** Opening RECORD EXTRACTS block **

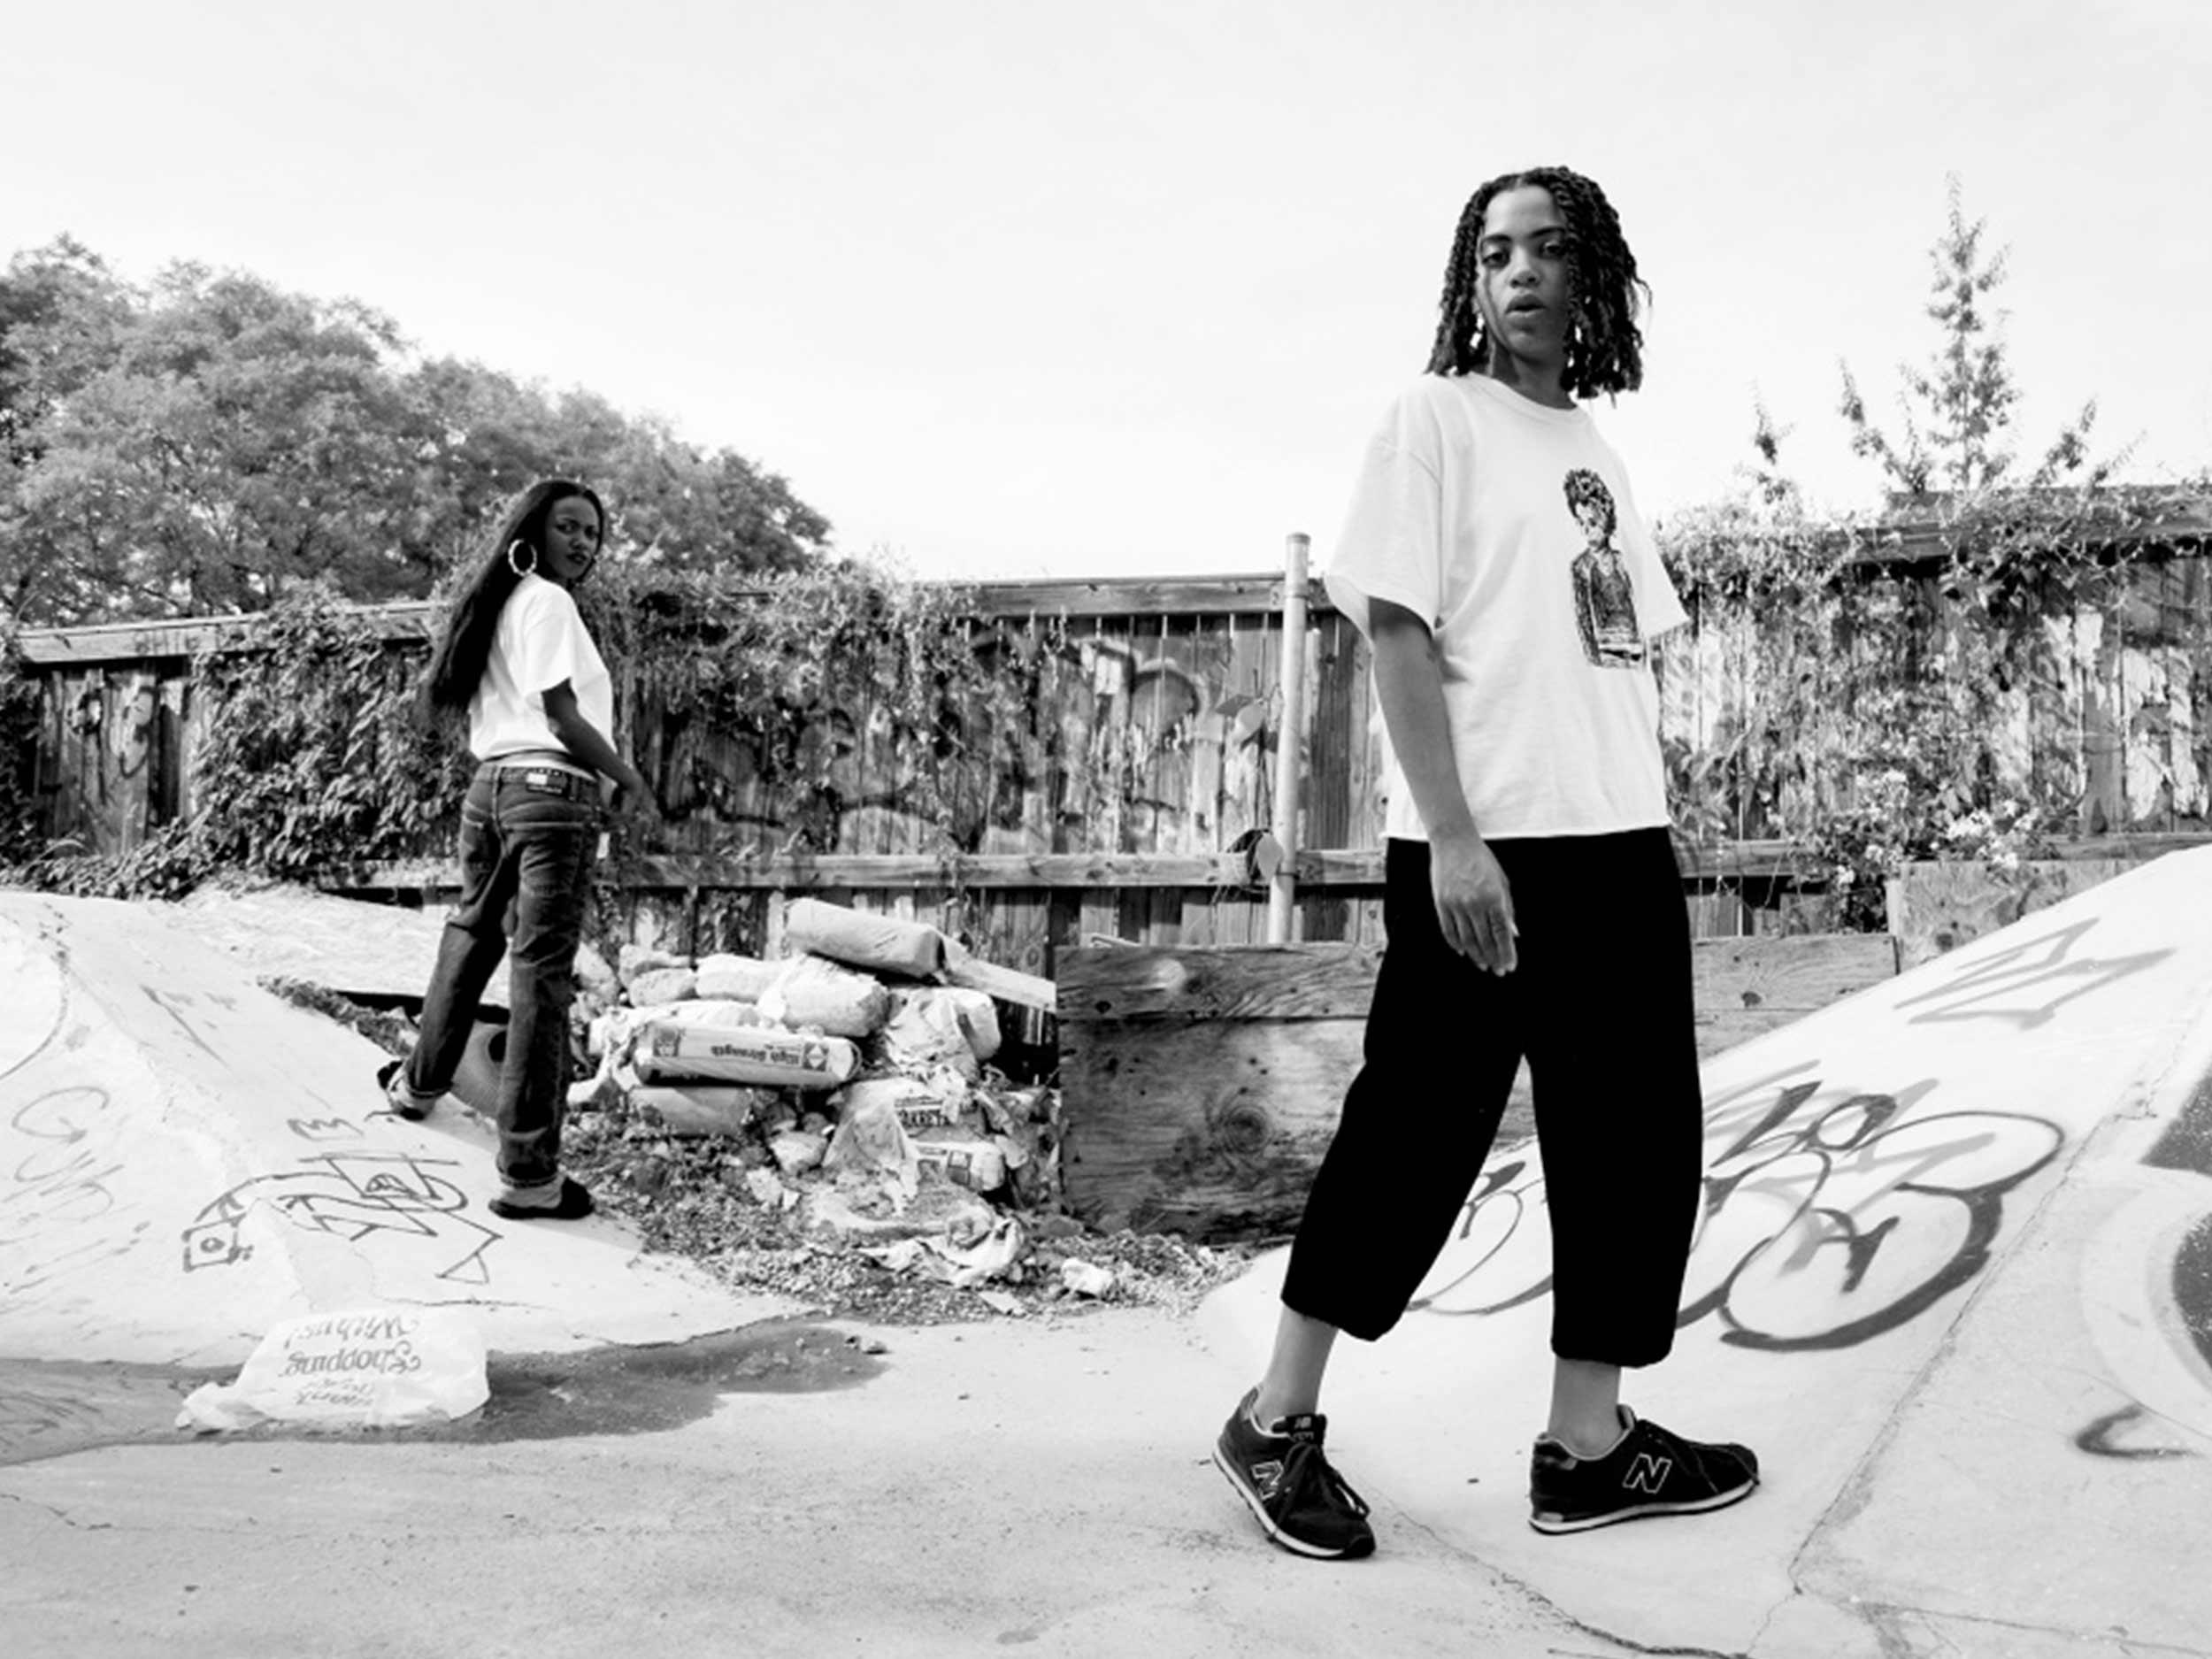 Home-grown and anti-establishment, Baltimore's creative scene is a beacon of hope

** Closing RECORD EXTRACTS block **
** Opening RECORD EXTRACTS block **

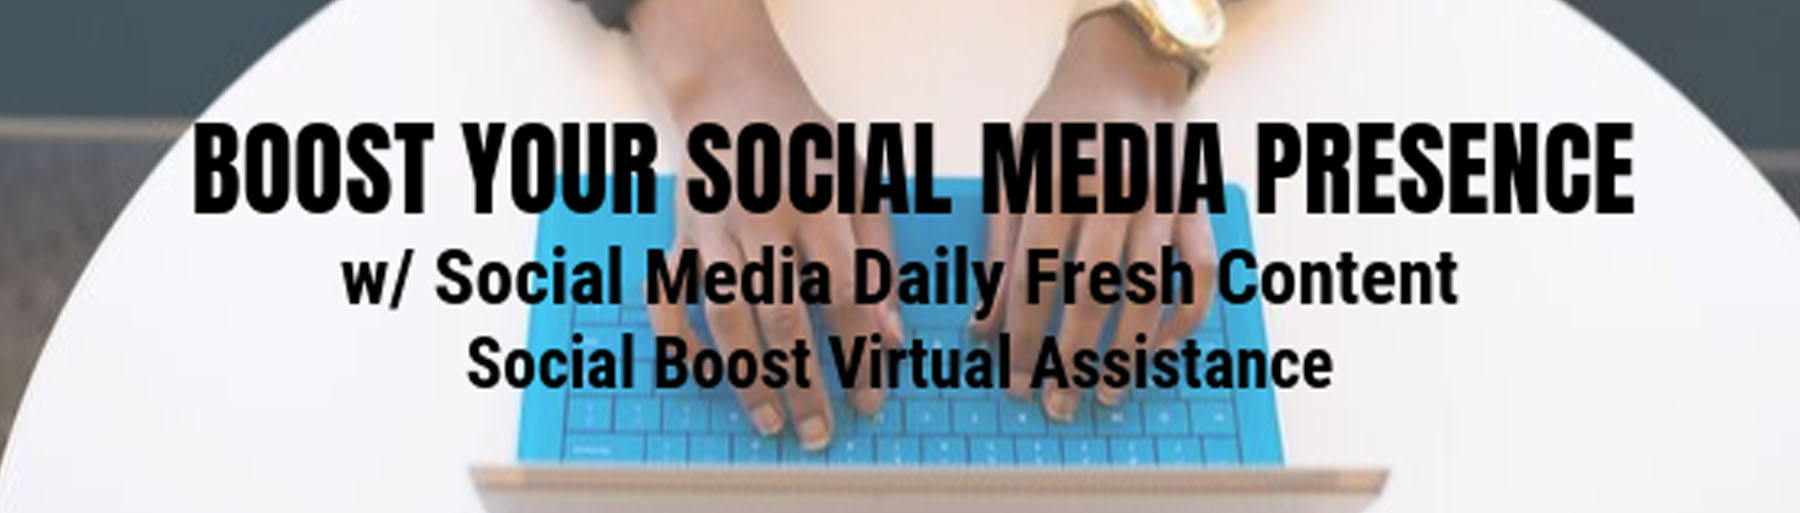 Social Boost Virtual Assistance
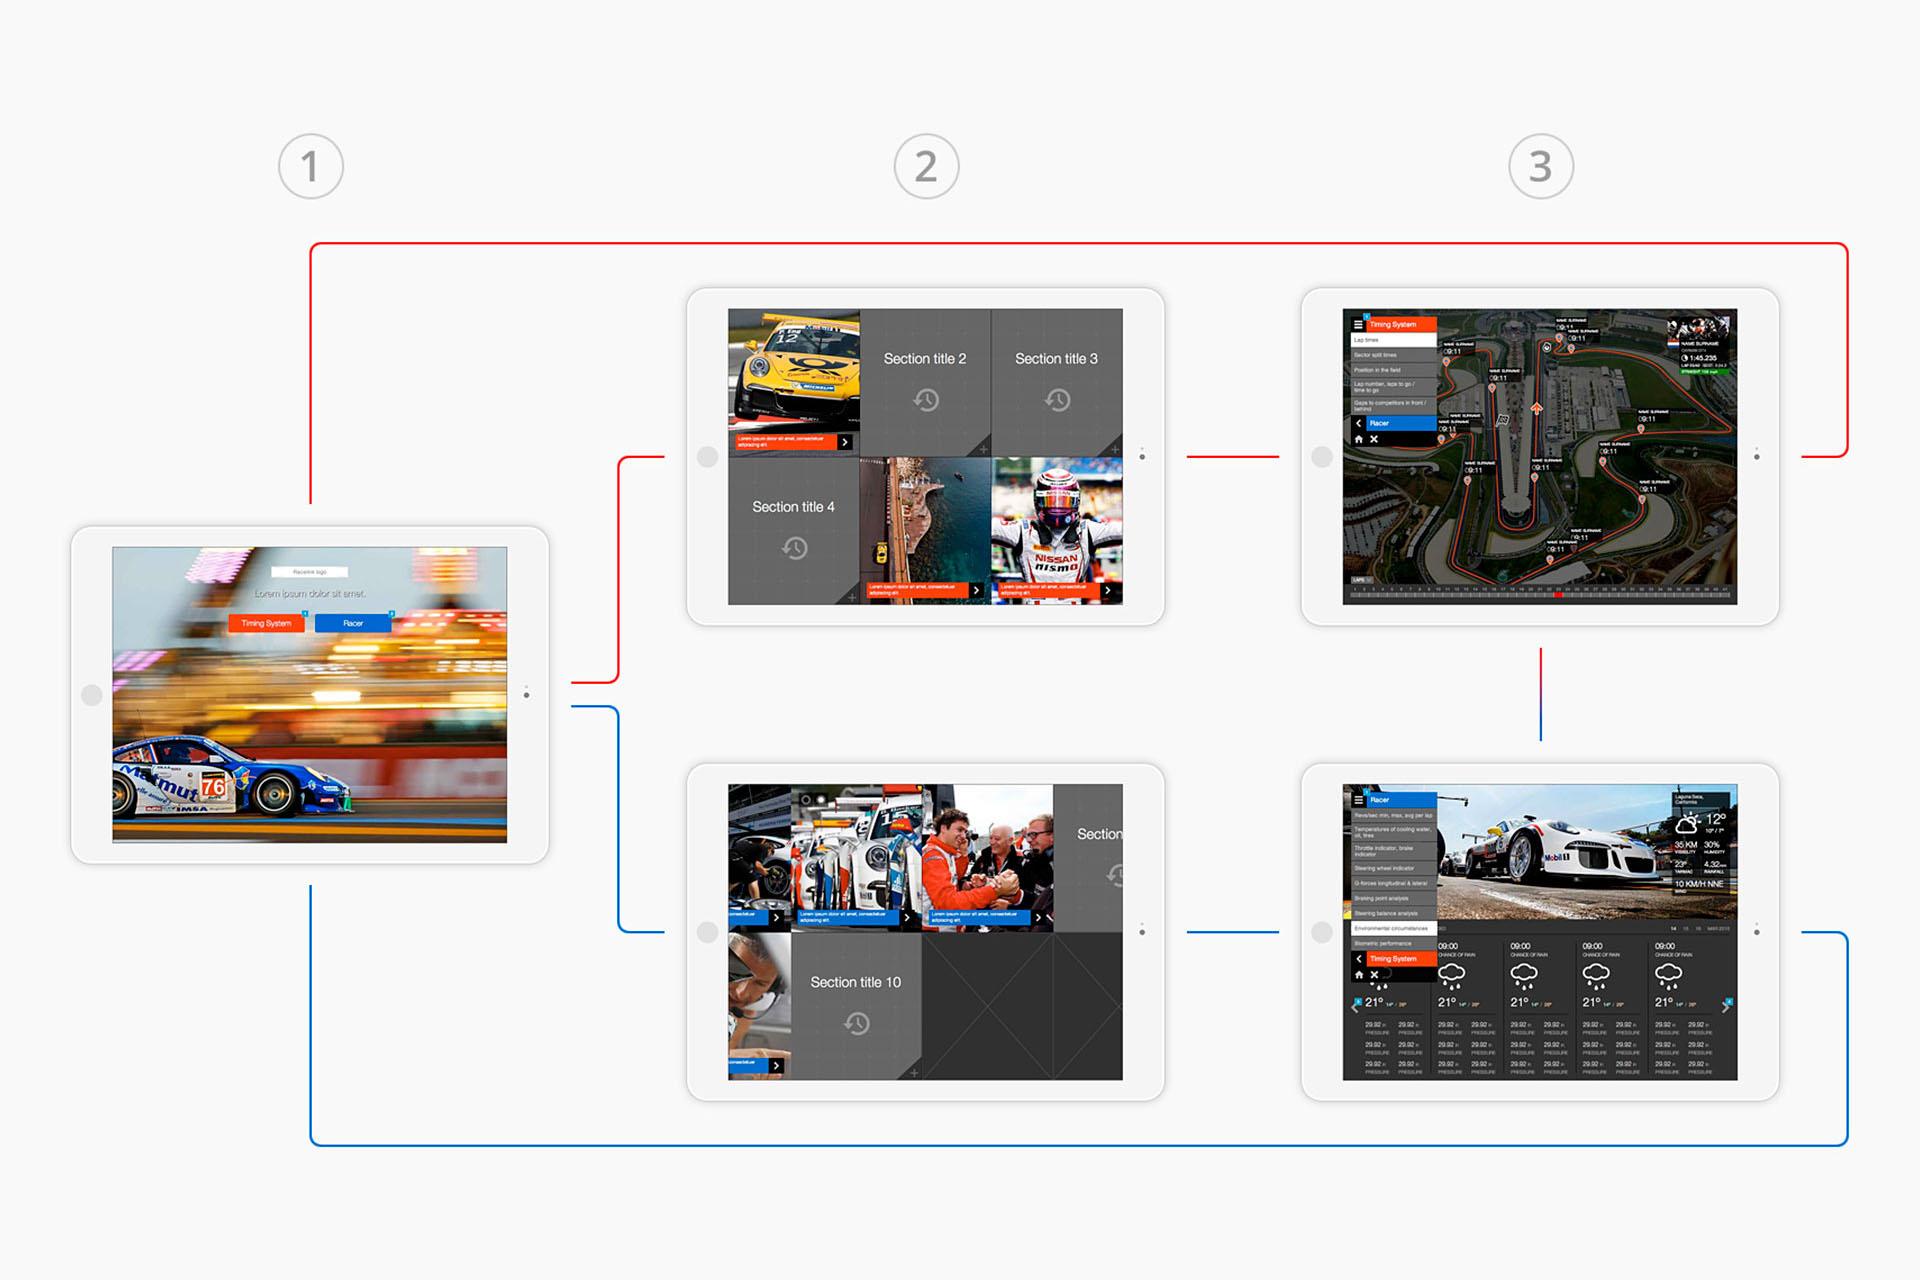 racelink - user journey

** Closing RECORD EXTRACTS block **

* **EXERCISE OBJECTIVE**
Transcribe, exactly and without pictures, everything in the data from the line with "Social Boost Virtual Assistance" down to the line with "racelink - user journey", both included.

* **EXERCISE RESULT**
 Social Boost Virtual Assistance
 racelink - user journey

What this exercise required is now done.